Los que no sabemos otra forma de contar las tragedias humanas más
que a través del humor, sentimos a menudo sobre nuestro trabajo
la mirada paternalista y condescendiente de aquellos que creen llevar
sobre sus espaldas el peso de lo trascendente. Son los narradores de
la vida al por mayor, en estado puro y sin distanciamiento; es decir
el caos humano tomado con rigurosa seriedad, lo que constituye una redundancia
y una falta de pudor el representarlo sin el adecuado cinismo. El tradicional
complejo de superioridad de los practicantes de "dramas" ha
inducido a toda clase de tópicos sobre el carácter intranscendente
de la comedia, así como a su condición de género
menor dentro del palmarés de la interpretación.

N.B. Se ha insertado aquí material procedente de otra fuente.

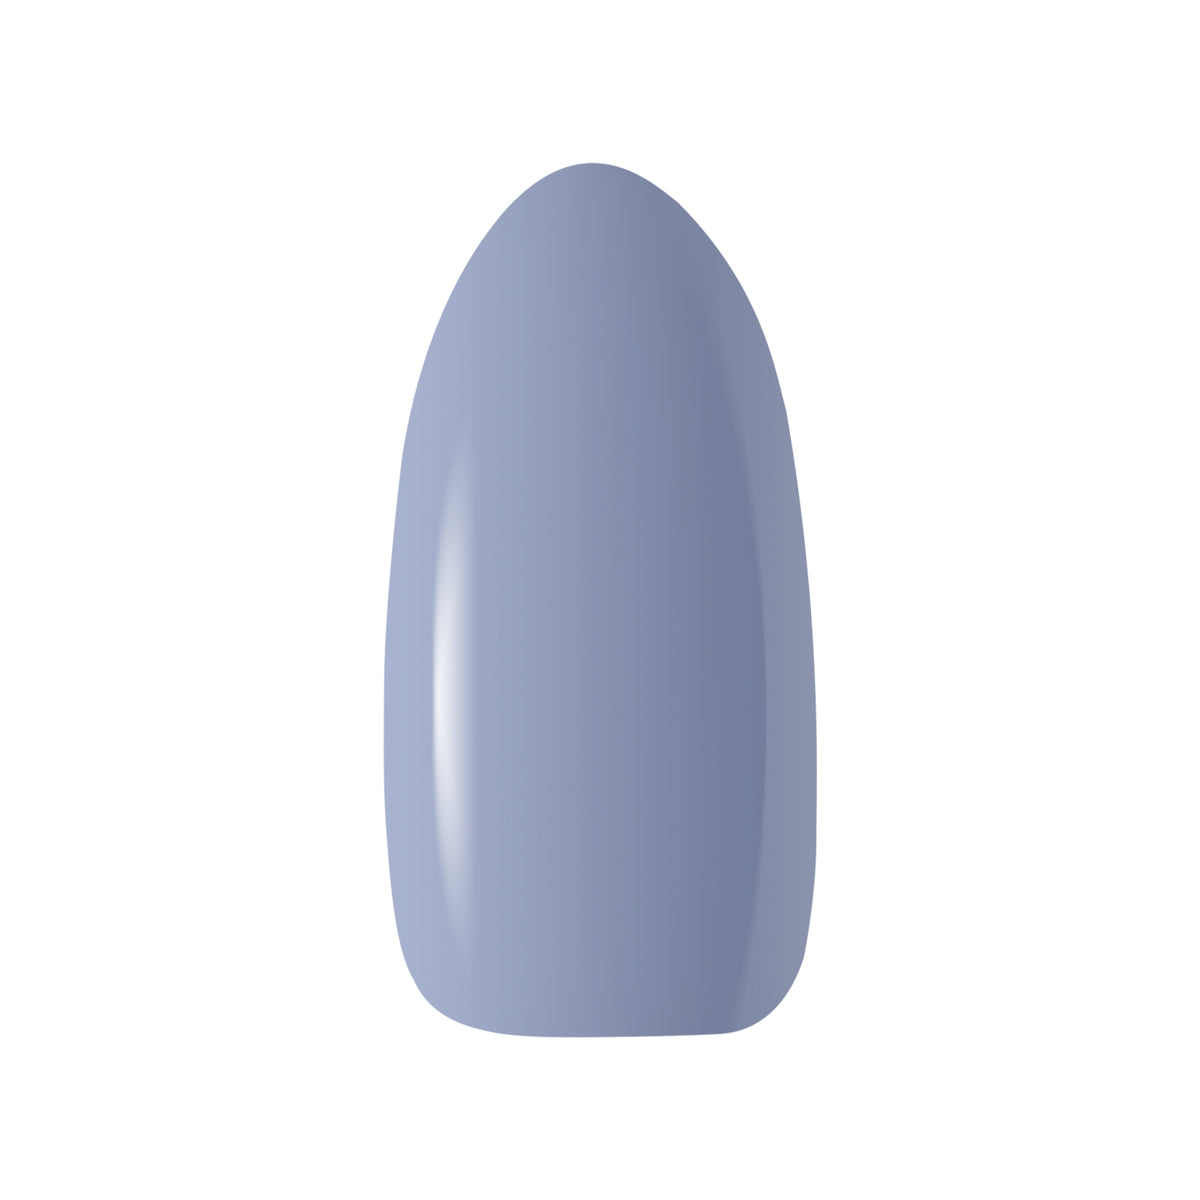 OCHO NAILS Hybrid nail polish gray 604 -5 g

Estos simplismos están muy generalizados por el tratamiento de
los medios de comunicación pero también especialmente
entre escritores, críticos y comentaristas del género,
es decir, gentes que no tocan con sus manos los materiales del oficio
dramatúrgico.
Los que empezamos a tener las manos callosas de manipular estos materiales
tan inconcretos, tampoco podemos afirmar grandes reglas sobre el oficio,
pero por lo menos hemos comprobado en numerosas ocasiones que géneros
tan opuestos como tragedia y comedia poseen estructuras interpretativas
y narrativas casi idénticas. Por ello, si no se construye un
drama con sentido del humor o una comedia con un gran sentido trágico,
posiblemente el resultado denotará artificialidad en el caso
de la comedia y primitivismo melodramático en la tragedia.
Muy a menudo la separación entre una cosa y la otra es exclusivamente
una cuestión de ritmo interpretativo. Imaginémonos simplemente
una alteración del ritmo en algunos pasajes de un drama, por
ejemplo unos brazos que se extienden excesivamente veloces hacia la
amada, unos ojos que se desorbitan demasiado rápidos o un grito
que se agudiza en exceso. Cualquiera de estas acciones puede provocar
la risa dentro del mejor drama si se convierte en un gesto inarmónico
fuera de la convención armónica que nos propone el tema.
Lo que venimos a llamar un "gag" no es otra cosa que un acto
que rompe con el esquema rutinario, algo que es excepcional ante el
cálculo de probabilidades que le conferimos a la acción
lógica, acostumbrada y por tanto esperada. El tropezón
es un rompimiento del esquema lógico del caminar pero no es de
por sí ni cómico ni trágico, tendrá efectos
muy distintos si el que tropieza es un prepotente o una humilde viejecita,
en uno y otro caso pasaremos con las misma acción de lo cómico
a lo trágico.
Describo estas anécdotas sencillas y puramente técnicas
ya que mis experiencias en la dirección de actores me han llevado
a deducir hasta el momento que un actor con un buen conocimiento de
la comedia tendrá mayor facilidad para expresar un drama que
en el caso contrario para interpretar una comedia. Ello ocurre sencillamente
porque el humor es una posición de mayor especulación
y manipulación de las acciones humanas ya que requiere una mirada
distanciada de éstas.
El humor es algo excepcional dentro del funcionamiento de cualquier
sociedad, digamos que la seriedad es el estilo de toda narrativa oficial.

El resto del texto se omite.